Troubleshooting the sensor

This topic describes common problems that occur with the IBM® Tivoli® Monitoring Scope sensor and presents solutions for those problems.

Computer systems that are outside of the defined scope are created

Problem
During a discovery, some computer systems that are outside of the defined scope are created.
Solution
If the discoverITMEndpoints attribute in the discovery profile for this sensor is set to true, the sensor, during a discovery, creates a computer system for each Tivoli Monitoring endpoint that is known to the Tivoli Enterprise Portal Server. This creation occurs even if an endpoint is outside of the initial discovery scope that included the portal server.

Updates made to the generated Tivoli Monitoring scope using the Discovery Management Console are overwritten

Problem
Updates that have been made to the generated Tivoli Monitoring scope in the previous discovery using the Discovery Management Console are overwritten.
Solution
During a Level 1 discovery, a new scope is created based on the name of the Tivoli Enterprise Portal Server.
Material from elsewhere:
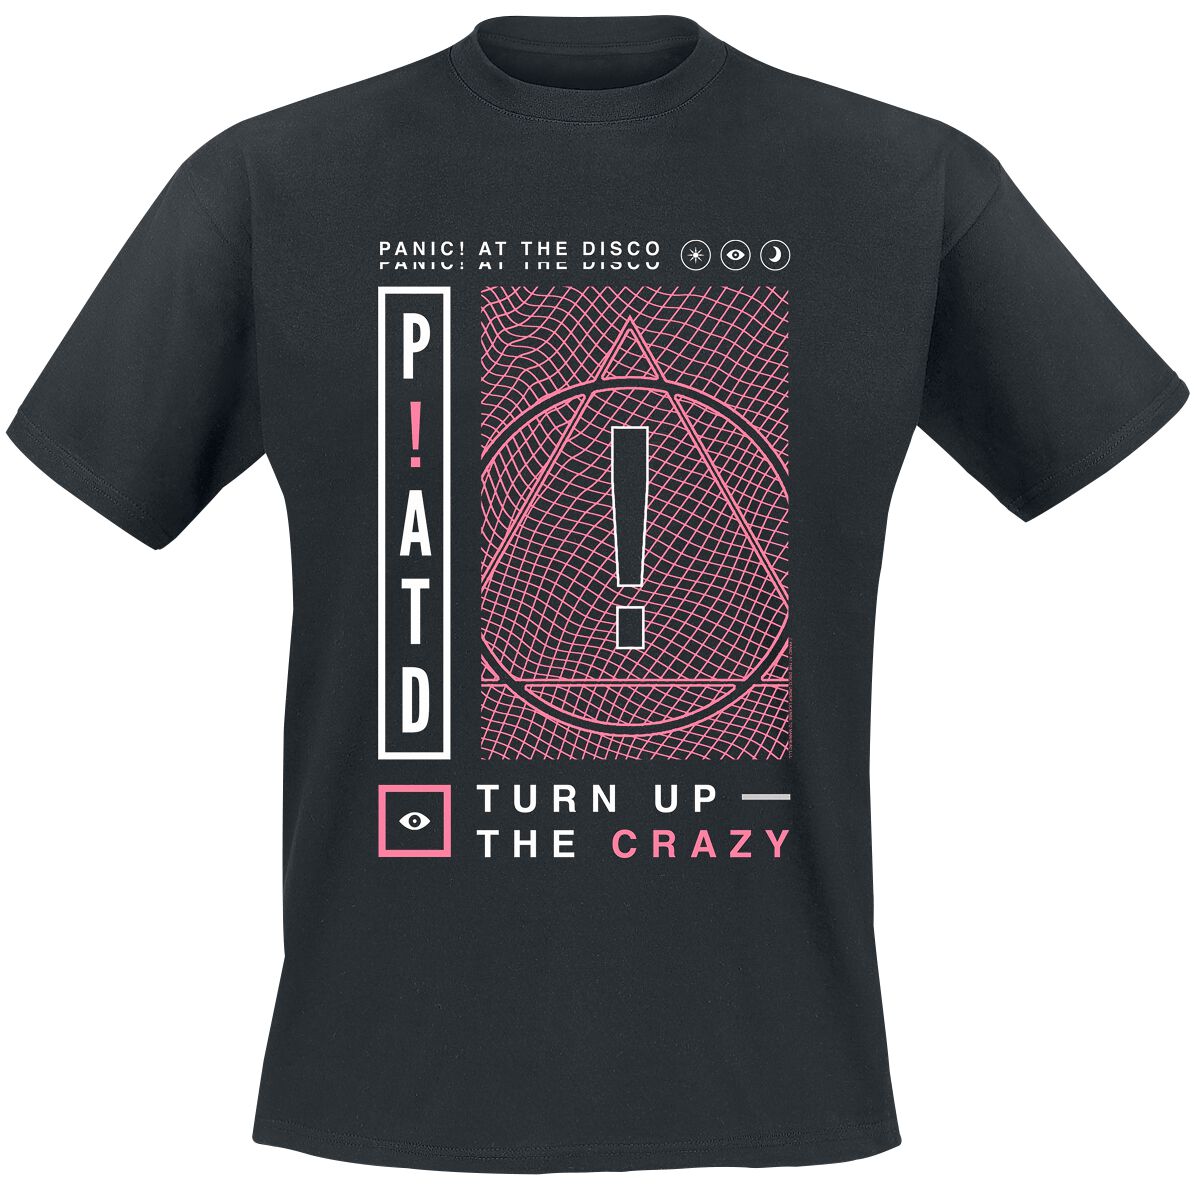 Image of Panic! At The Disco Turn Up The Crazy T-Shirt schwarz
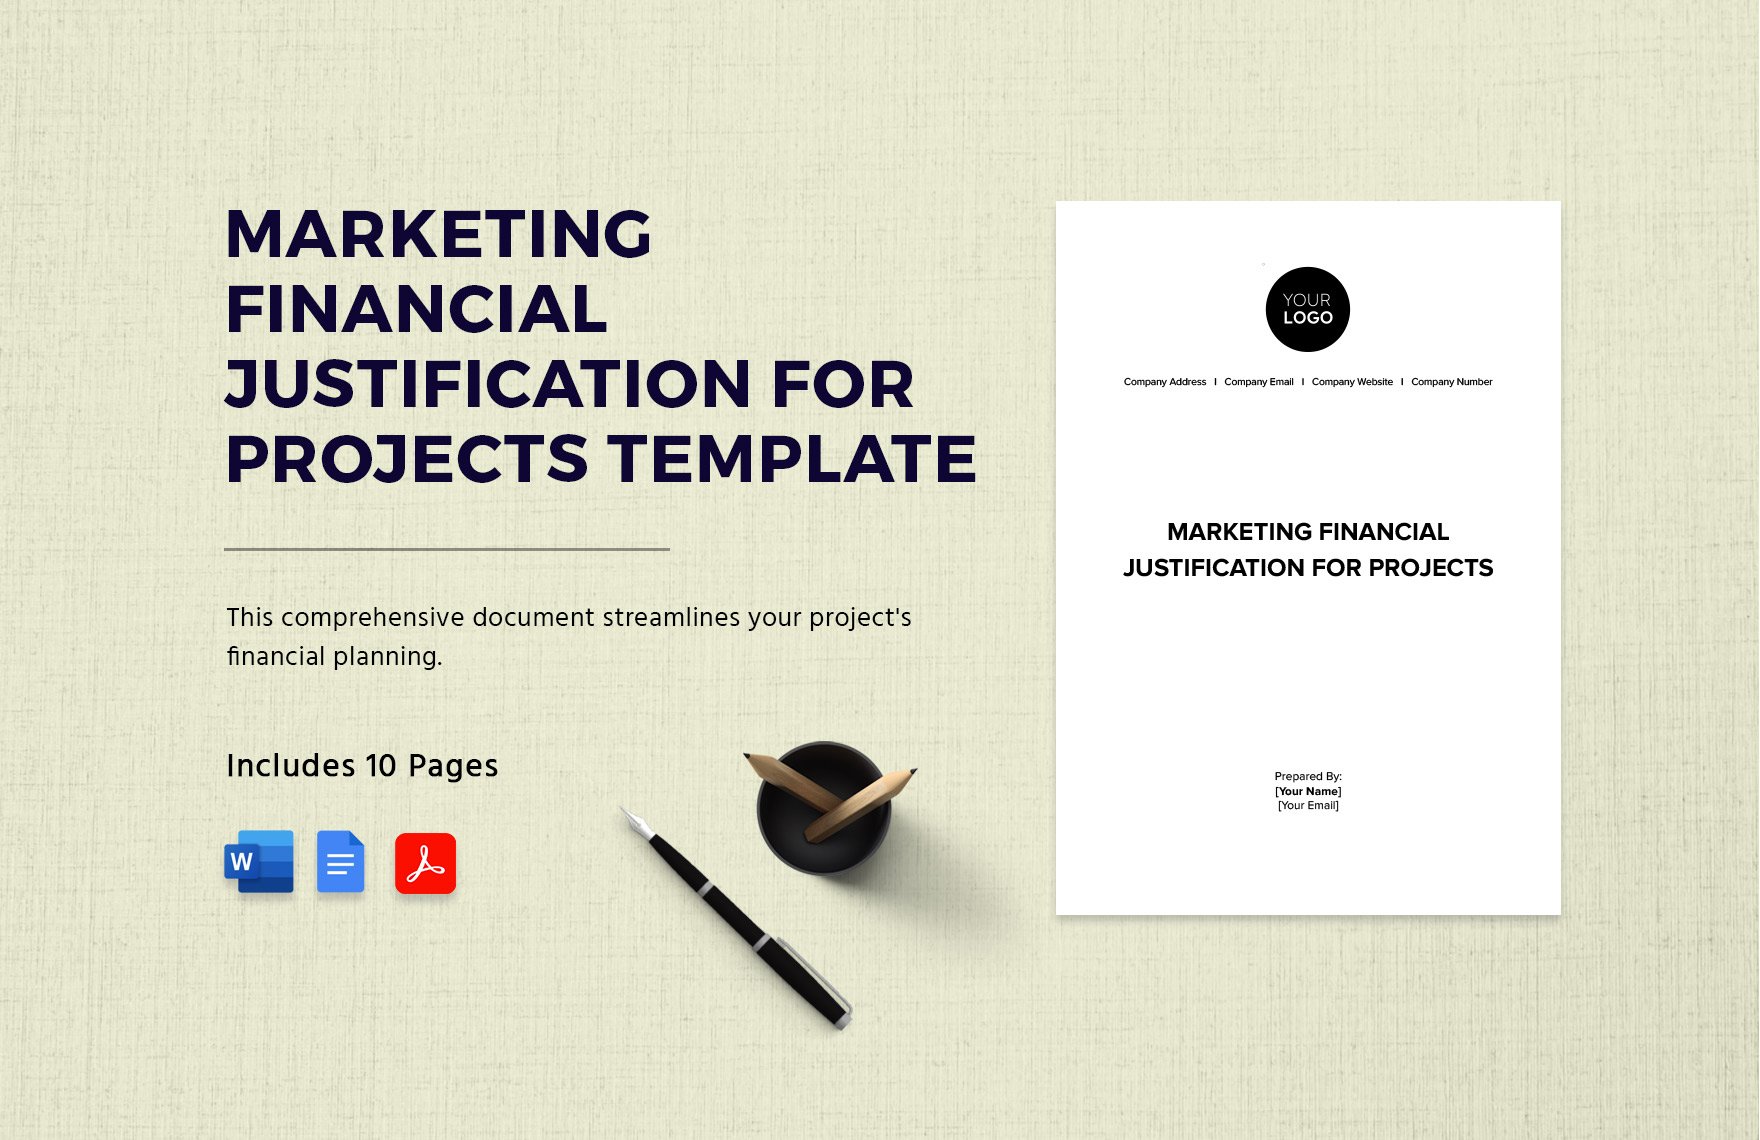 Marketing Financial Justification for Projects Template

This scope is overwritten the next time that the portal server is discovered during a Level 1 or Level 2 discovery.

To change the generated Tivoli Monitoring scope, create a scope with a different name that contains the elements of the generated scope.

In a large Tivoli Monitoring environment, the sensor fails with a timeout error

Problem
In a large Tivoli Monitoring environment, the Tivoli Monitoring Scope sensor fails with a timeout error.
Solution
In the etc/collation.properties file, edit the following property, where value is the number of milliseconds allowed for the sensor to run (for example, 60000 is 1 minute):
com.collation.discover.agent.ITMScopeSensor.timeout=value

The sensor fails with a timeout error when slow network links or many router hops exist between the target systems and the Tivoli Enterprise Portal Server or TADDM

Problem
The Tivoli Monitoring Scope sensor fails with a timeout error. Slow network links or many router hops exist between the target systems and the Tivoli Enterprise Portal Server or TADDM. The environment includes Windows, Linux®, and UNIX systems.
Solution
This problem is caused by TCP buffer settings. Because the buffer sizes are sometimes too small, poor performance occurs with the TADDM sensors and the Tivoli Enterprise Portal Server.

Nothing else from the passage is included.